Gold and silver have recently developed some bullish breakouts but are both retreating after the breakouts. Let’s stalk these pullbacks as they bring the precious metals to key support levels.
In May, gold rallied from 1169 to 1232. This rally broke above the moving averages and brought the RSI back above 70. Now, price has retreated but is hovering above 1200 and the 200- and 100-period simple moving averages (SMAs). The RSI is around 40. If the market is to maintain the prevailing bullish outlook, gold should hold above 1200 and the RSI above 40. Then a break above 1215 should put pressure on the 1232 high with risk of breaking higher. However a break below 1190, or even just 1195 should clear the noted support factors and open up the 1169-1170 lows again.
If price does go back towards the 1170 low, the prevailing down trend since 2014, and going back to 2011 might be revived. So if gold starts anchoring below 1200, the downside risk extends beyond 1170, towards the 1143 low on the year and the 1130 low from 2014.

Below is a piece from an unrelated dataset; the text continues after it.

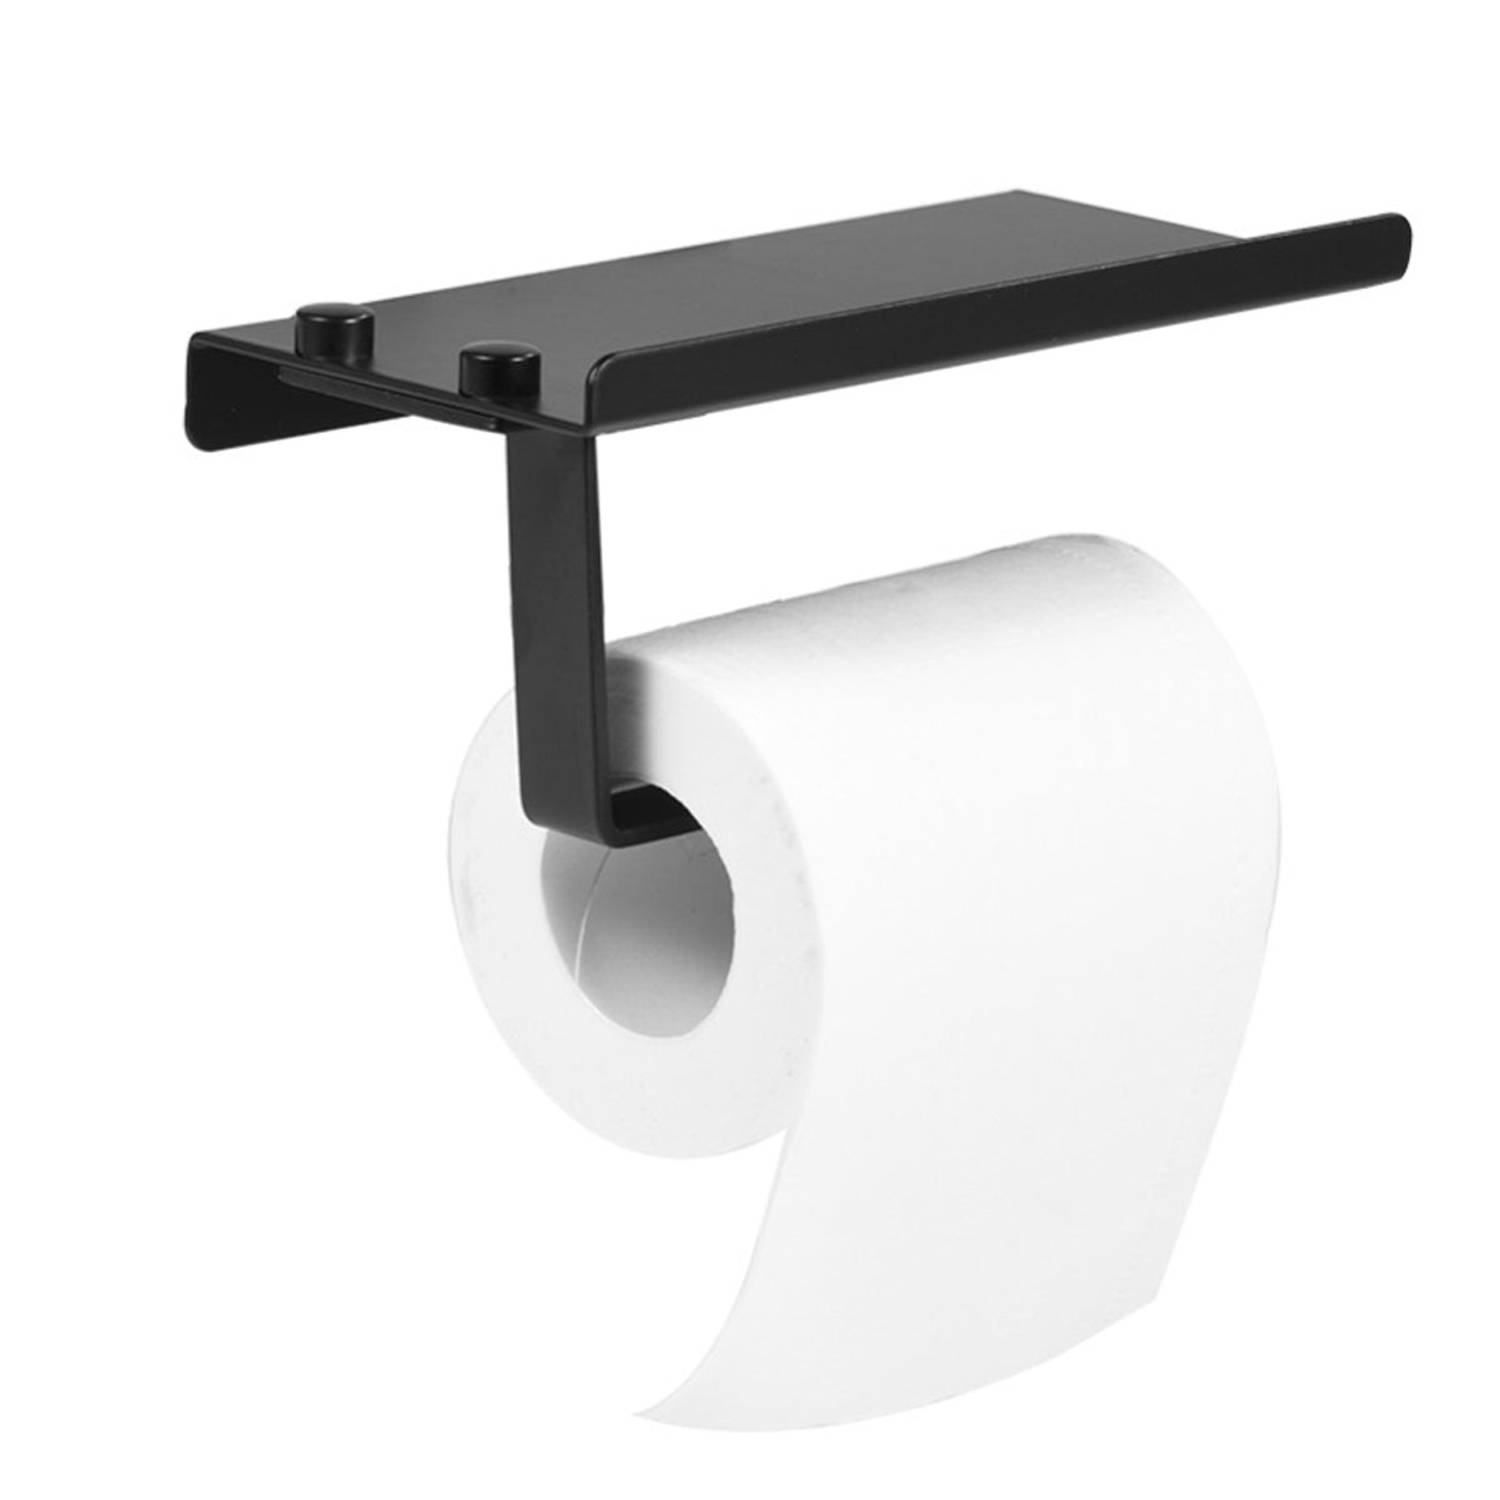 Toiletrolhouder met smartphone plankje - Zwart - rolhouder | Blokker

Silver has recently made a key Silver in a Major Triangle Breakout to the Upside. Since that breakout, price has retreated from 17.77. In the 4H chart we can see a market that is shifting into a bullish trend as the moving averages started to slope up and get into bullish alignment.
The RSI has tagged above 70 and is so far above 40, which reflects maintenance of the bullish momentum. Indeed as silver hovers above 17.00, it remains bullish. Just below are some key support factors from the previous resistance pivot at 16.77 down to another resistance pivot around 16.56. Here we also see a rising trendline from 15.60 might challenge a bearish attempt. A break below 16.50 should put away the bullish outlook and put the 15.60 level in sight, with risk of breaking lower towards the 15.29 low in March, and possibly the 2014-low at 14.65.